The star of Netflix's Tiger King: Murder, Mayhem and Madness, whose real name is Joseph Maldonado-Passage, applied for a pardon from the Trump administration and within the document is a handwritten note, obtained by Yahoo Entertainment, making his appeal to his fellow reality star.
The former zoo operator, who’s in federal prison serving a 22-year sentence for trying to hire someone to kill rival Carole Baskin, appealed to Trump by first heaping on praise.
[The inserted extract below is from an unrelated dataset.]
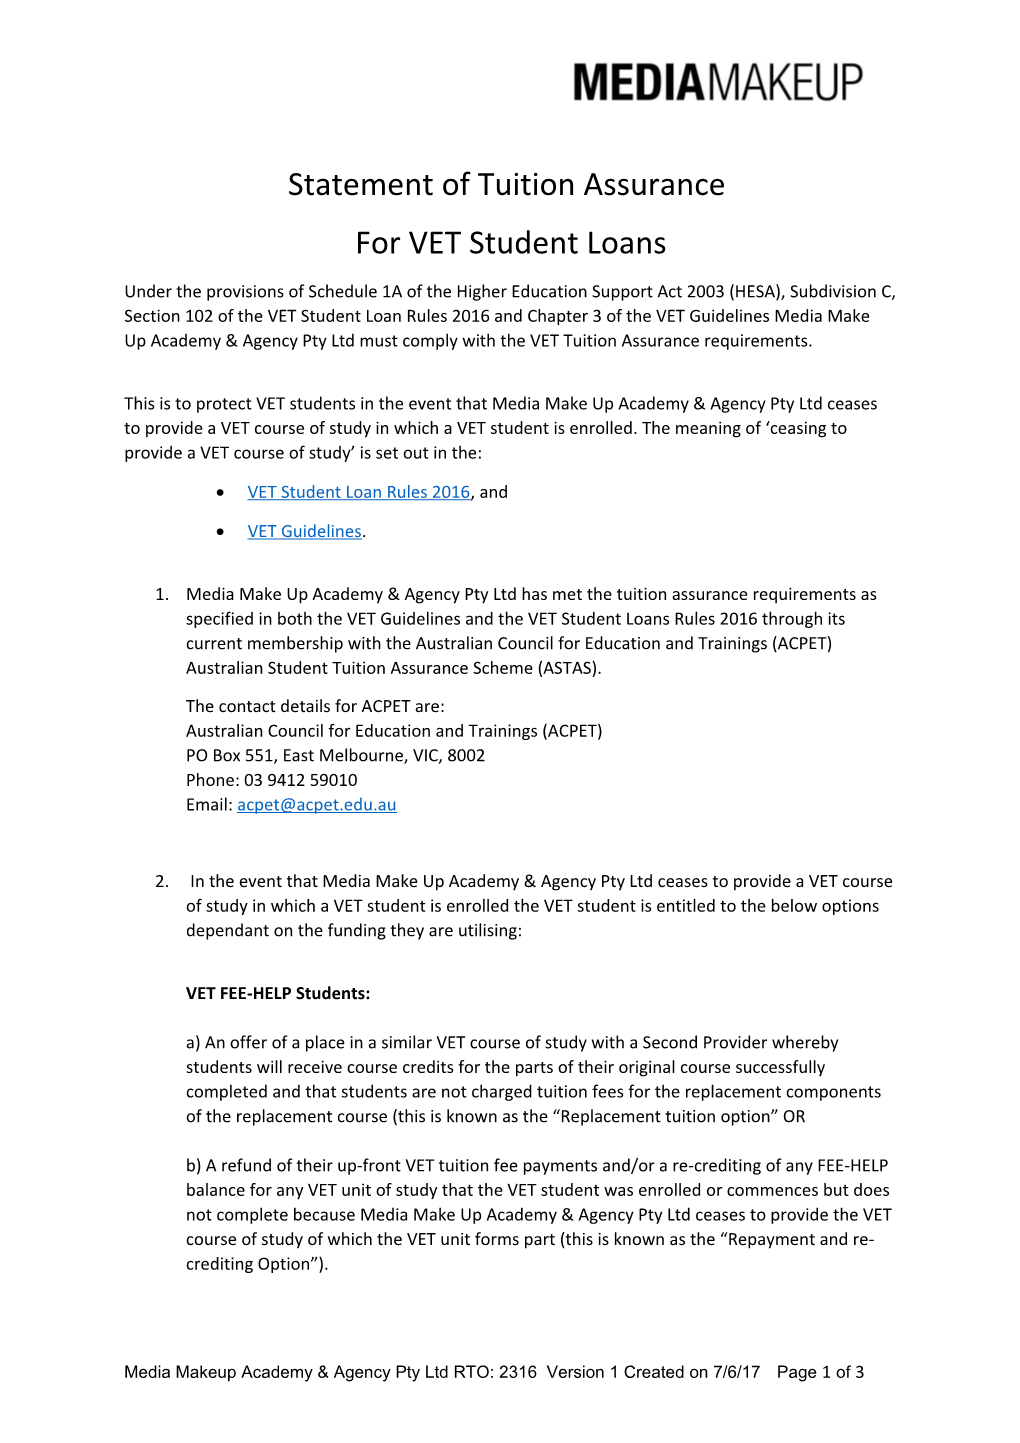 For VET Student Loans

In the letter he talked about how he “looked up” to the president “because you stand for what you believe in no matter what anyone thinks.” Maldonado-Passage, who ran as an independent candidate in the 2016 presidential election, said he even voted for Trump instead of himself. (He received just 962 votes in total.)
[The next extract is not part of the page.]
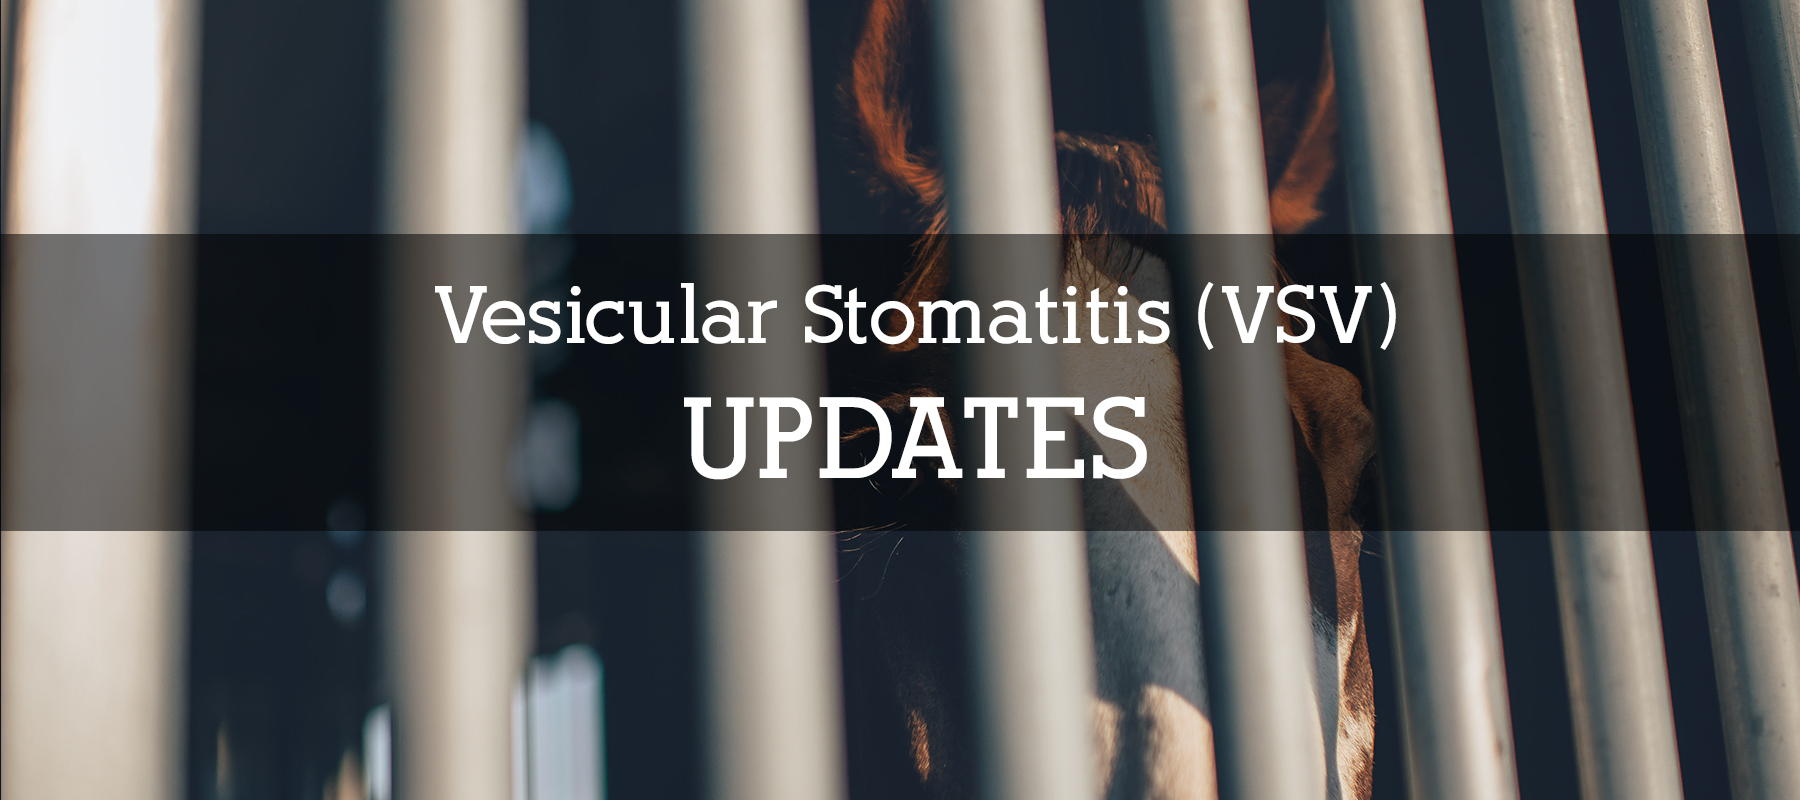 VSV (Vesicular Stomatitis) Confirmed in Colorado

After buttering him up, the 57-year-old wrote about how everything he and his parents obtained in life was “stolen by criminals.” He said he worked for ”80 percent of my life” and had “faith in our system until I became trapped in it.” And he appealed to Trump who has been under scrutiny throughout his presidency and faced impeachment, writing, “I see what they do to you and can’t believe it.”
He said the federal government allowed him to be convicted unfairly, claiming prosecutors “knew their witnesses were lying under oath and even helped them.” As a result, he has become “ashamed of our country.”
Maldonado-Passage begged Trump to "listen to the millions who see the truth" and “grant me a miracle, ‘a pardon,’ and let me put this behind me... Allow me to make you proud, to make America proud, to make the world proud. Be my hero please.”
There’s also a second handwritten letter, dated Aug. 4, in which Maldonado-Passage asked Trump’s son Donald Trump Jr. for help. He referenced previous letters he had sent the first son and again appealed to Team Trump by referencing “fake news” and saying that the president would “do amazing things” if “they” would “just leave him alone.”
Maldonado-Passage said that the case against him is personal, describing himself as a “pawn for a personal agenda.” And while serving his sentence, currently at Federal Medical Center (FMC) Fort Worth, over the last two years, he claimed he’s been “sexually assaulted by jail staff, beat up and tied in a chair to the point where the skin came off my arms. Dying could not be as bad as what this system has done to me.”